## Queueing Notation

The statistical model that has notation in three parts.

The first part denotes the process of arrivals at the start of a queue. Usually the process of arrival of customers is radom or 'Markovian' and denoted 'M'.

The second part denotes the process by which elements of the queue exit the queue. If elements of the queue exit in a predetermined manner, this is labelled 'D' and if elements exit the queue according to a uniform distribution this is labelled 'U'. Other models of exit are possible.

The third part denodes the number of exit route. These are all identical and act to release members of the queue. Each exit takes some time to process.

The overall process models a queue in a bank or similar. There is a single queue, which people may join according to various models and leave to be served at any one of a numnber of tellers.

Suppose elements arrive at the queue in a random manner. This is labelled 'M' for 'Markovian'. If after leaving the queue elements are served in a fixed time T, then this is labelled 'D'. If elements leave the queue to be served by any one of five tellers the the queue is modelled by the model M/D/5.

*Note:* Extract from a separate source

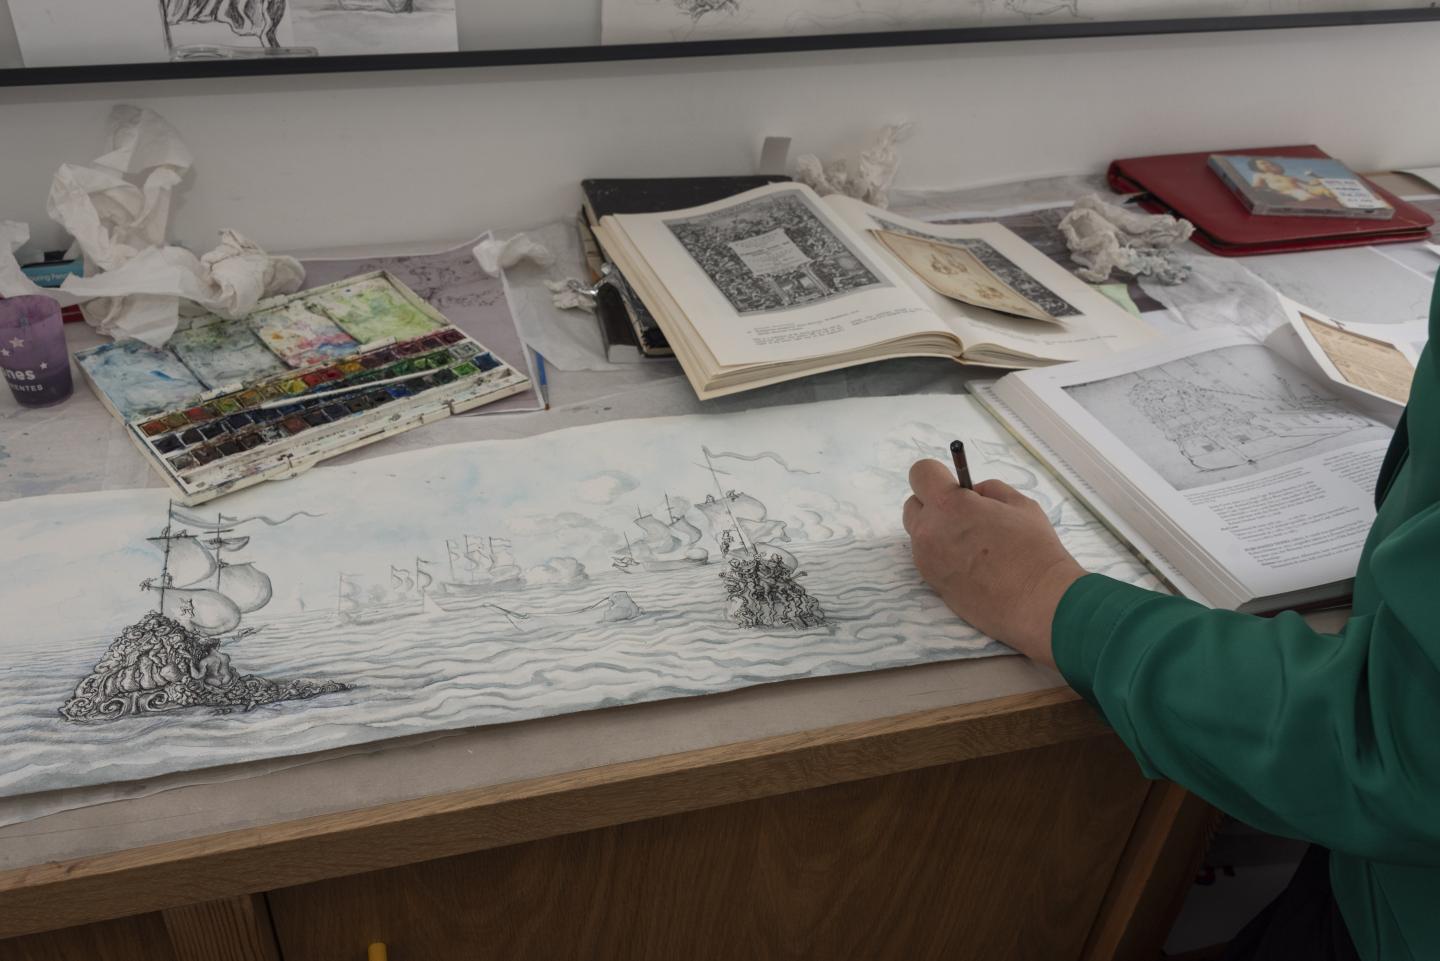 An artist sketches in a sketchbook surrounded by drawing materials

Suppose elements arrive at the queue in a random manner. This is labelled 'M' for 'Markovian'. If after leaving the model of the time taken to serve a customer is a Uniform distribution between 10 and 20 minutes then this is labelled 'U'. If elements leave the queue to be served by any one of two tellers the the queue is modelled by the model M/U/2.

If the leaving and exiting queue processes are both random and there is only one teller then the queue model is M/M/1. This is called the simple queue.